Here I use barycentric coordinates with reference triangle $ABC$. Let its side lengths be denoted $a,b,c$. Points are represented as $(X:Y:Z)$, straight lines as $[U:V:W]$, with a point being on a line if and only if $UX+VY+WZ=0$. In the barycentric system, $[1:1:1]$ represents the line at infinity.

I will not show the derivations of the equations below, but I intend to give enough detail for verification.

First, I will suppose that $ABC$ is not equilateral, in order to have a uniquely defined Steiner point $S$.

Equation of the circumcircle: $$a^2 YZ + b^2 ZX + c^2 XY = 0$$ Equation of the Steiner circumellipse: $$YZ + ZX + XY = 0$$ Steiner Point (located on both the above): $$S = \Bigl((c^2-a^2)(a^2-b^2):(a^2-b^2)(b^2-c^2):(b^2-c^2)(c^2-a^2)\Bigr)$$ Let $E=(X_E:Y_E:Z_E)$ be the point at infinity indicating the direction of the symmetry axis of the parabola $p$. As $E$ lies on the line at infinity, it must satisfy $$X_E + Y_E + Z_E = 0$$ Straight lines $[U:V:W]$ are tangent to the parabola $p$ if and only if $$X_E VW + Y_E WU + Z_E UV = 0$$ In other words, the dual parabola can be represented with coefficient matrix $$p^* = \begin{bmatrix} 0 & Z_E & Y_E \\ Z_E & 0 & X_E \\ Y_E & X_E & 0 \end{bmatrix}$$ Its columns also give the coordinate triples of the points $P,Q,R$.

As a consequence of the focal property, the focus $F=(X_F:Y_F:Z_F)$ is the isogonal conjugate of $E$: $$E = \left(\frac{a^2}{X_F}:\frac{b^2}{Y_F}:\frac{c^2}{Z_F}\right)$$ The condition that $E$ be a point at infinity thus turns into $$\frac{a^2}{X_F} + \frac{b^2}{Y_F} + \frac{c^2}{Z_F} = 0$$ which says that $F$ lies on the circumcircle.
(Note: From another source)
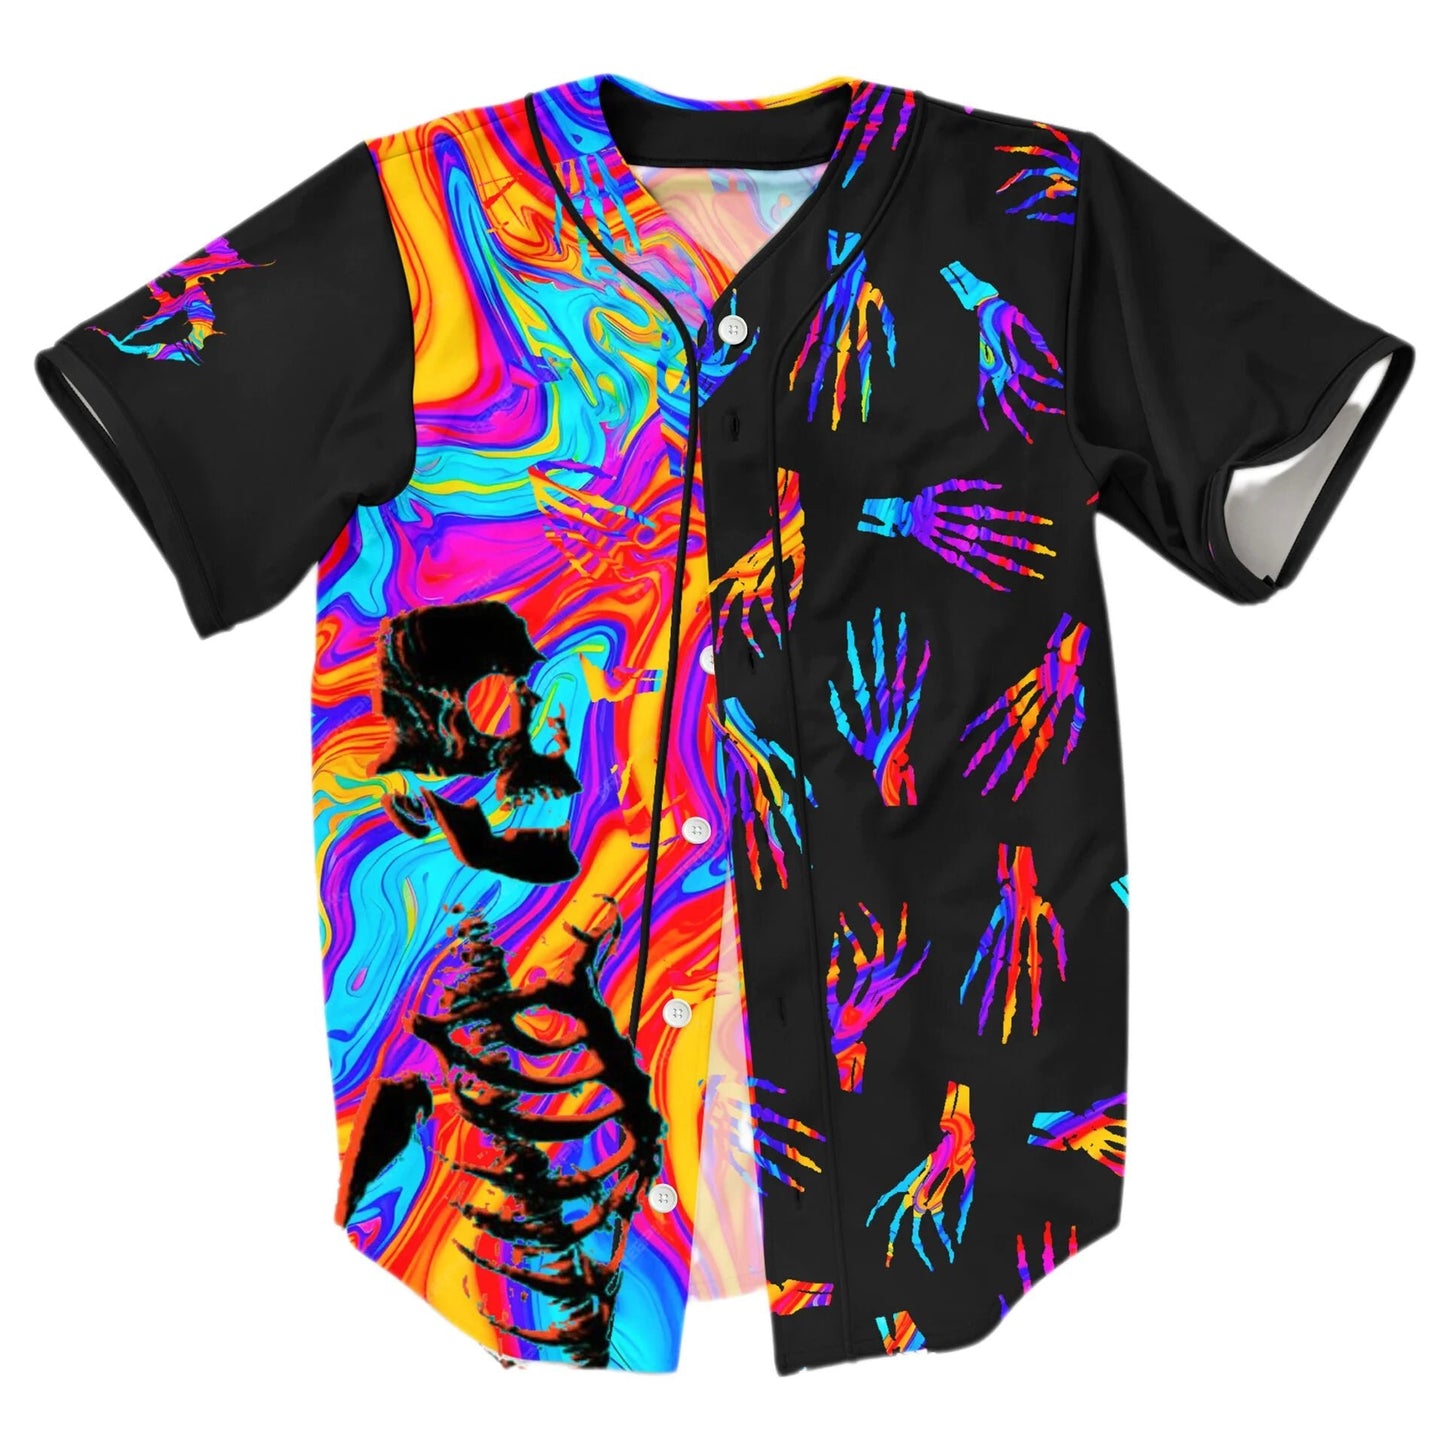 Zeds Dead Trippy Dry Hands Baseball Jersey - The Rave Cave

This is known as Lambert's theorem.

The Brianchon point $T=(X_T:Y_T:Z_T)$ turns out to be $$T = \left(\frac{1}{X_E}:\frac{1}{Y_E}:\frac{1}{Z_E}\right) = \left(\frac{X_F}{a^2}:\frac{Y_F}{b^2}:\frac{Z_F}{c^2}\right)$$ which makes it the isotomic conjugate of $E$. That relationship can easily be demonstrated in a coordinate-free way, but it is most obvious in barycentric coordinates. With those, we can also verify that $T$ lies on the Steiner ellipse.

Now we are ready to check whether $F,T,S$ are collinear: $$\begin{align} \langle F,T,S\rangle &= \begin{vmatrix} X_F & X_T & X_S \\ Y_F & Y_T & Y_S \\ Z_F & Z_T & Z_S \end{vmatrix} = \begin{vmatrix} X_F & \frac{X_F}{a^2} & (c^2-a^2)(a^2-b^2) \\ Y_F & \frac{Y_F}{b^2} & (a^2-b^2)(b^2-c^2) \\ Z_F & \frac{Z_F}{c^2} & (b^2-c^2)(c^2-a^2) \end{vmatrix} \\ &= \frac{X_F Y_F Z_F}{a^2 b^2 c^2} \begin{vmatrix} 1 & b^2 c^2 & (c^2-a^2)(a^2-b^2) X_F^{-1} \\ 1 & c^2 a^2 & (a^2-b^2)(b^2-c^2) Y_F^{-1} \\ 1 & a^2 b^2 & (b^2-c^2)(c^2-a^2) Z_F^{-1} \end{vmatrix} \\ &= \frac{X_F Y_F Z_F}{a^2 b^2 c^2}(b^2-c^2)(c^2-a^2)(a^2-b^2) \left(\frac{a^2}{X_F} + \frac{b^2}{Y_F} + \frac{c^2}{Z_F}\right) = 0 \end{align}$$ So, yes, those points are collinear.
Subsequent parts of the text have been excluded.